Как все эти стычки и бои не похожи на те партизанские действия, о которых говорил в Ворошиловграде Шаблий. Только и того, что отряд назывался партизанским. В действительности же он вынужден воевать как на фронте — только с противником, многократно превышающим его силой, имеющим неограниченные резервы. К тому же фашисты знали (об этом побеспокоился штурмбаннфюрер Вассерман), что они охотятся за отрядом Героя Советского Союза.
Затрещали пулеметы. Партизаны стреляли по броневикам и пехотинцам, которые, пригнувшись, бежали за машинами. Огонь отсек солдат от машин, вынудил их залечь. Тем временем бронебойщики сосредоточили огонь на первых двух бронемашинах, которые захлебывались, стреляя из башенных пулеметов. Но когда у одной вспыхнул бак с горючим, экипажу стало не до стрельбы. Водитель и пулеметчик попытались спастись через люк, но меткие партизанские выстрелы уложили их.
Вторая бронемашина уже не стреляла, застыв на обочине. Партизаны бросились сбивать пламя плащ-палатками. Огонь отступил. Партизанские механики и пулеметчики захлопотали у броневика, разворачивая его на врага.

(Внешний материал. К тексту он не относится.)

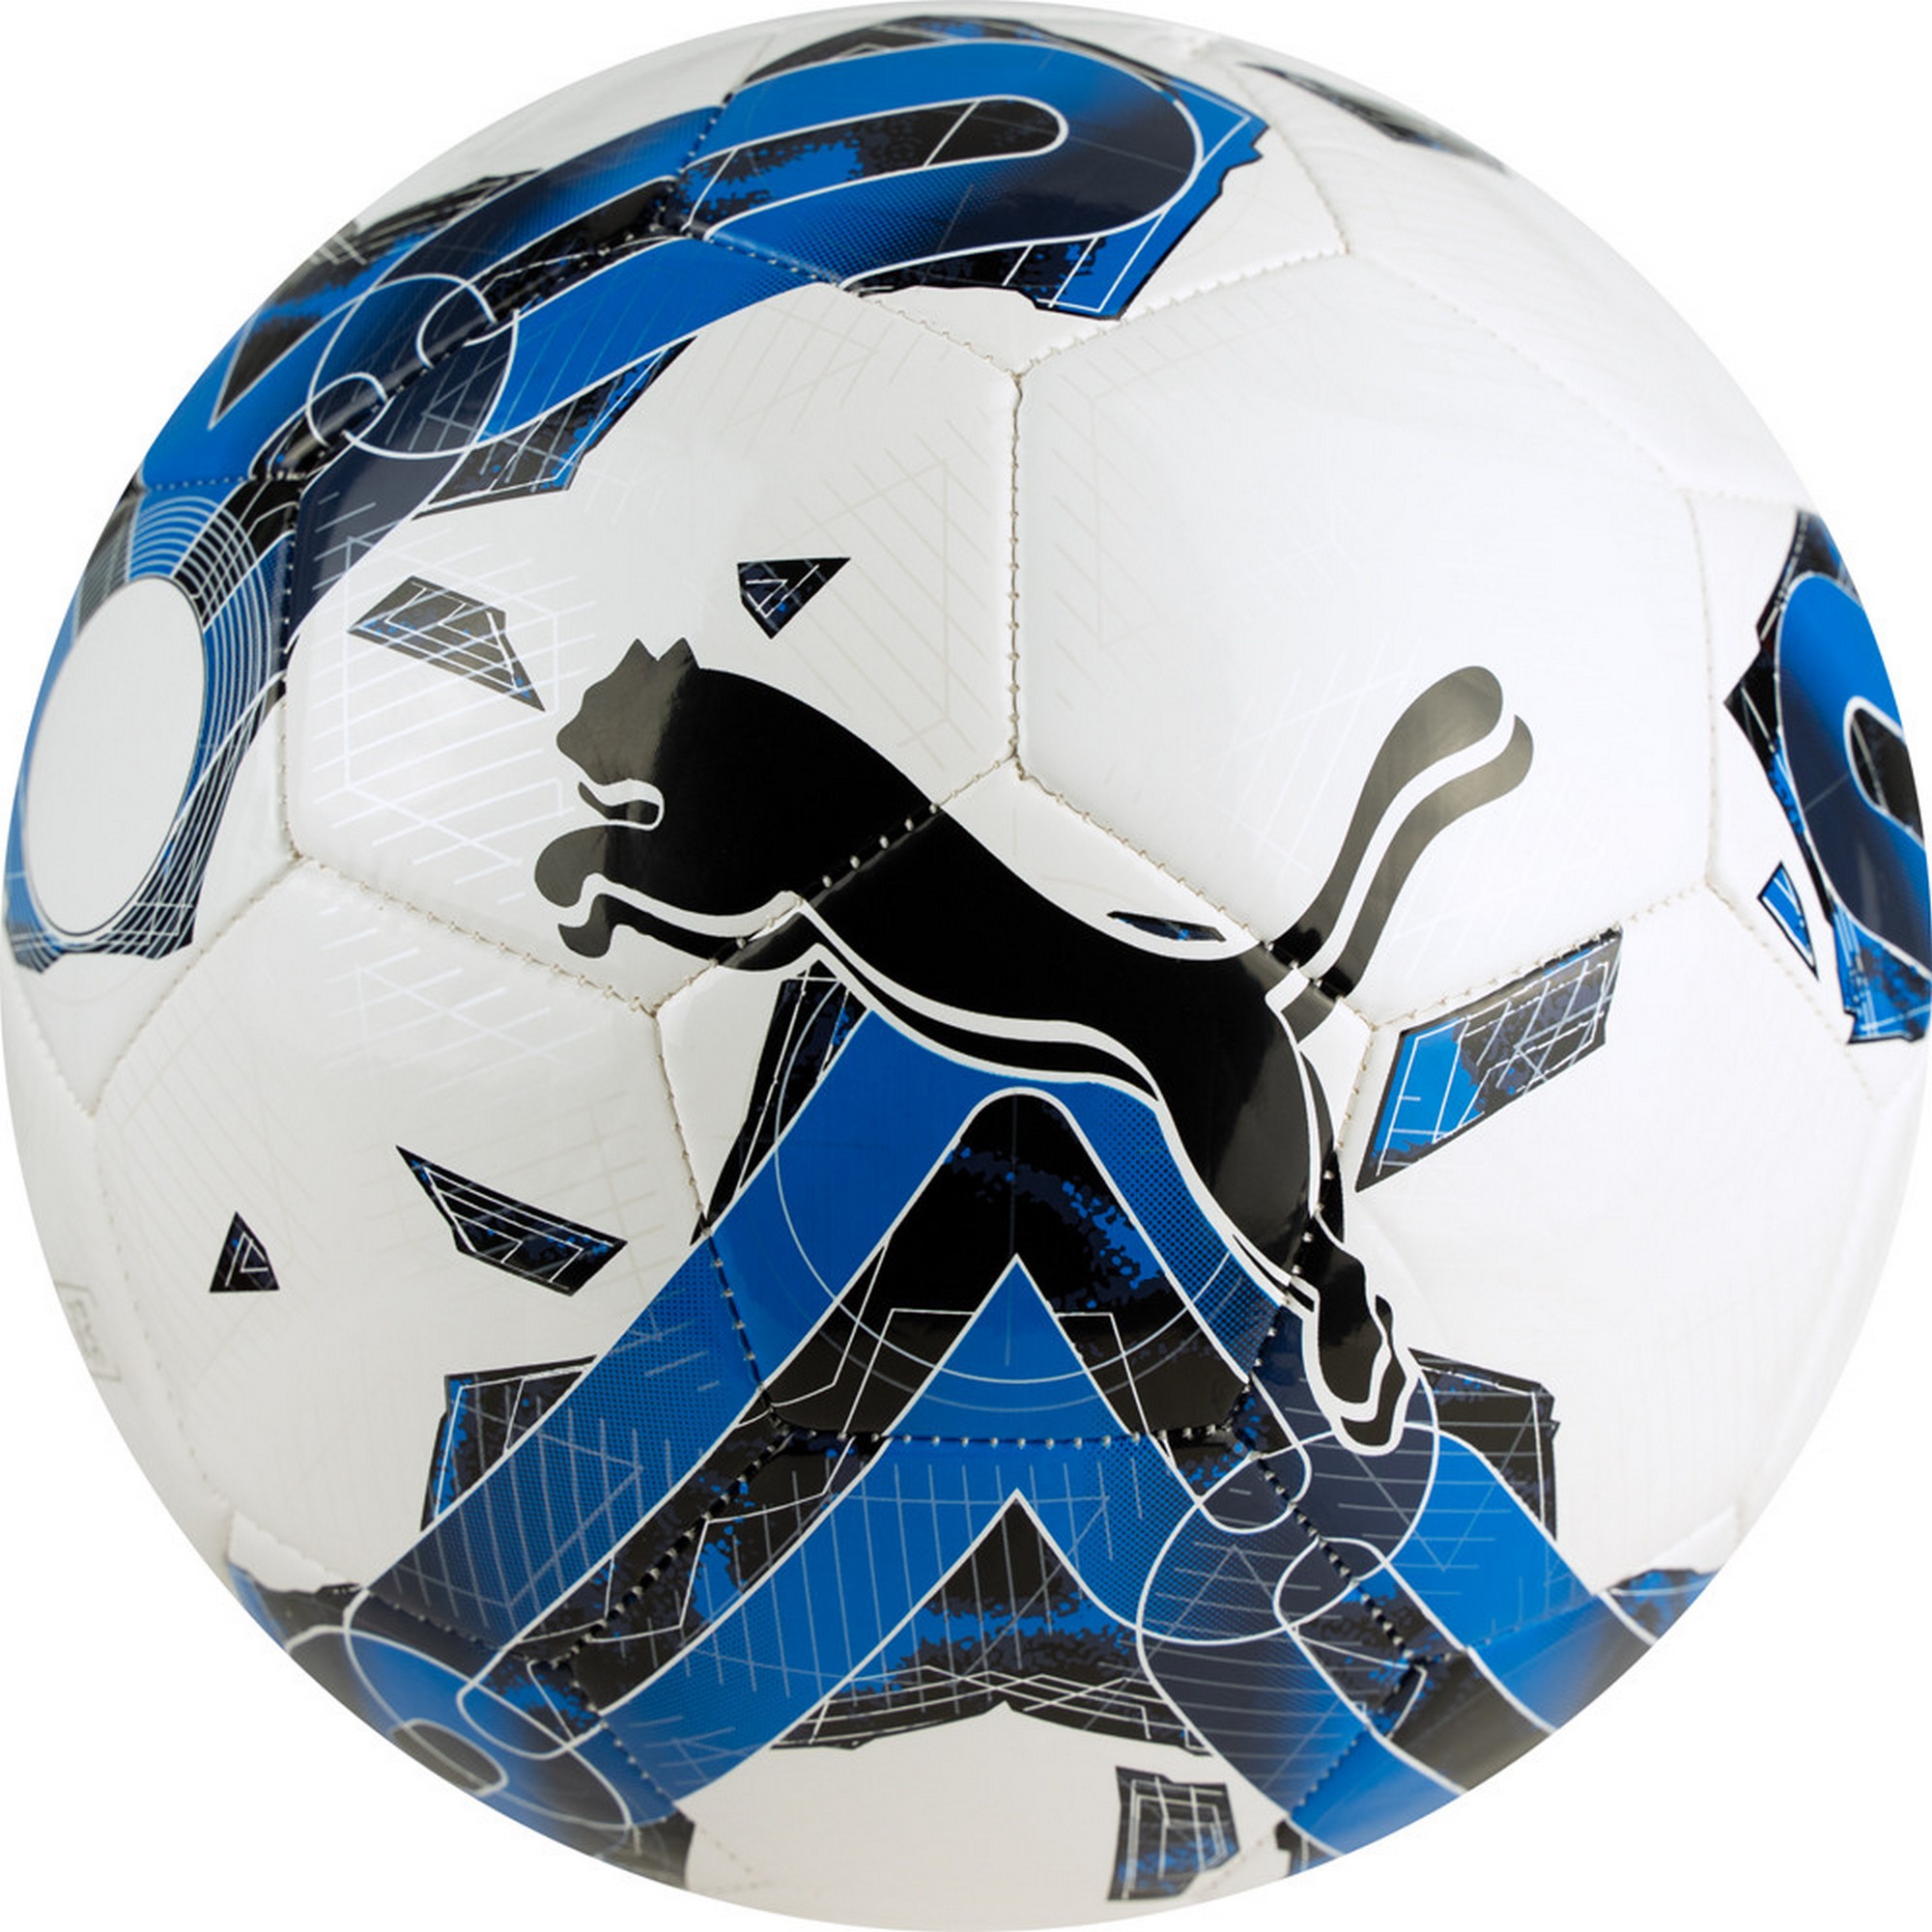 Мяч футбольный Puma Orbita 6 MS 08378703 р.5 2000_2000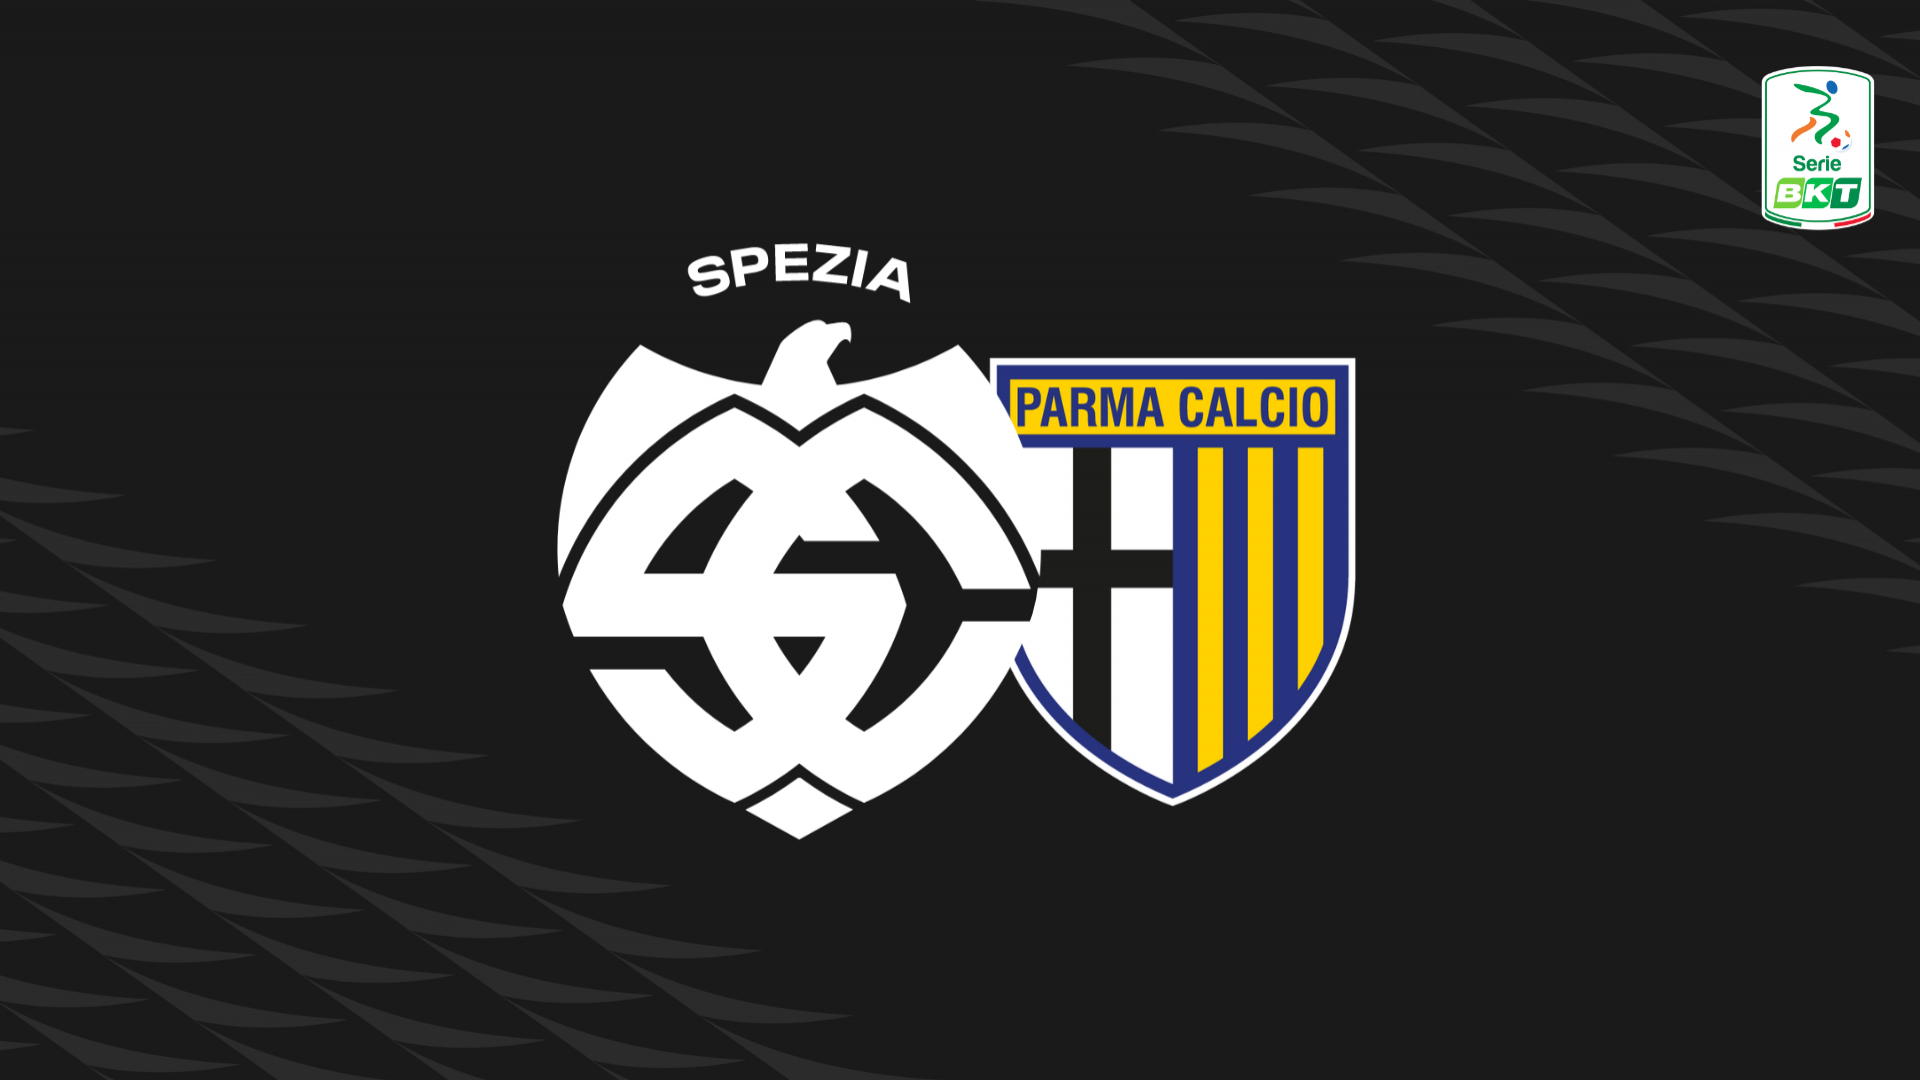 Serie BKT: Spezia-Parma 0-1

— Немцы подтягивают орудия! — поступило еще одно сообщение от наблюдателя.
Прячась за орудийные щиты, артиллеристы продвигали свою грозную технику все ближе к партизанским окопам. И вот из орудийных жерл вырвалось пламя. В то же мгновение с воем взорвались снаряды, расшвыривая землю, срезая кусты, ветви на деревьях. Еще залп — и перед глазами Андрея Стоколоса вырос черный столб. Вместе с землей, листьями, ветками в воздух поднялся моток провода и обломки радиостанции.
«Рация!» — с ужасом подумал Андрей, безнадежно посмотрев на командира.
— Не расстраивайся, — сказал ему Опенкин. — Не понадобится она теперь штабу нашего фронта. Наши отступают… Послушайте меня все! — поднялся командир. — Отсюда нам ближе к орудиям, нежели их автоматчикам. Возьми, Андрей, человек сорок, и атакуйте орудия!
Андрей мгновенно выскочил из окопа и побежал вдоль бруствера:
— На батарею немцев! За мной! Впе-е-е-ред!
— В атаку! — крикнул и Иван Опенкин, поддерживая раненую руку.
Еще минуту назад немецкие артиллеристы издевались над бессилием партизан. Но Стоколос с бойцами так стремительно преодолел эти триста метров, что немцы растерялись. Одни побежали с поля боя, другие подняли руки вверх, третьи пытались защищаться. Андрей то стрелял, то бил прикладом или ногой, то хватал артиллеристов за грудь, швырял их на ящики из-под снарядов. Партизаны, оставшиеся на позиции, открыли огонь по вражеской пехоте, чтобы отсечь ее от артиллеристов, не дать ей подойти к батарее.